What to work on
Quote exactly, and only, the lines of the material below from the line with "Vector emotie feedback" through the line with "Nationwide shipping capabilities".

Source data
════════════════

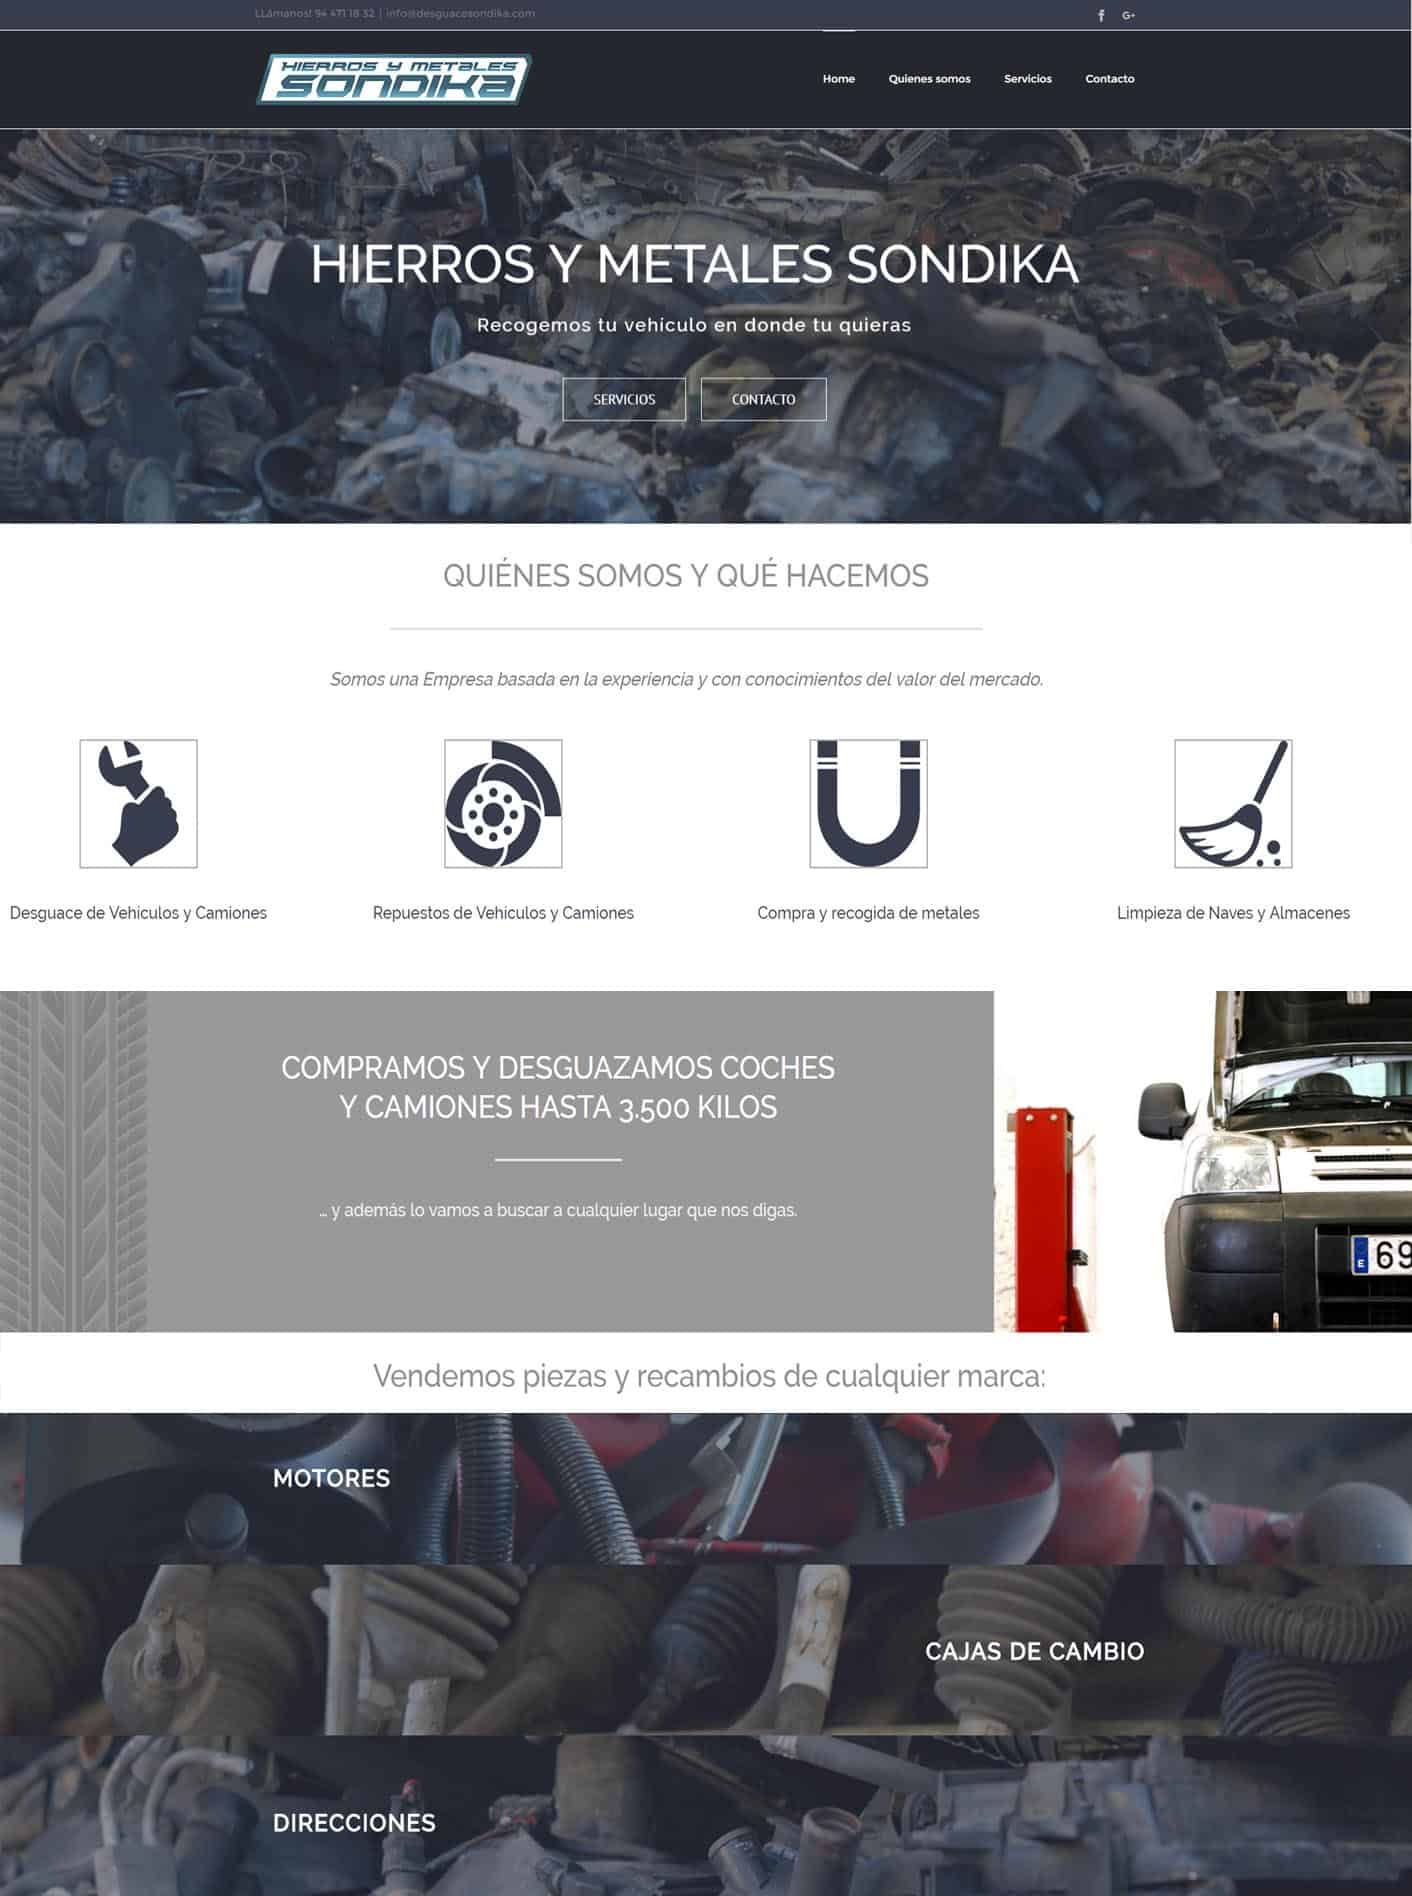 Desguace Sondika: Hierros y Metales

════════════════

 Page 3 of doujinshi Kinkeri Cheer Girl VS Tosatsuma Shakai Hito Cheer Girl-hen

════════════════

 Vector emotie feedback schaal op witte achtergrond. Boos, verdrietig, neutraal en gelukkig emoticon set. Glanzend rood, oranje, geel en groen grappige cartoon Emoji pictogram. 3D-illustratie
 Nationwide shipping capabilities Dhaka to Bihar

════════════════

Exercise solution
 Vector emotie feedback schaal op witte achtergrond. Boos, verdrietig, neutraal en gelukkig emoticon set. Glanzend rood, oranje, geel en groen grappige cartoon Emoji pictogram. 3D-illustratie
 Nationwide shipping capabilities Dhaka to Bihar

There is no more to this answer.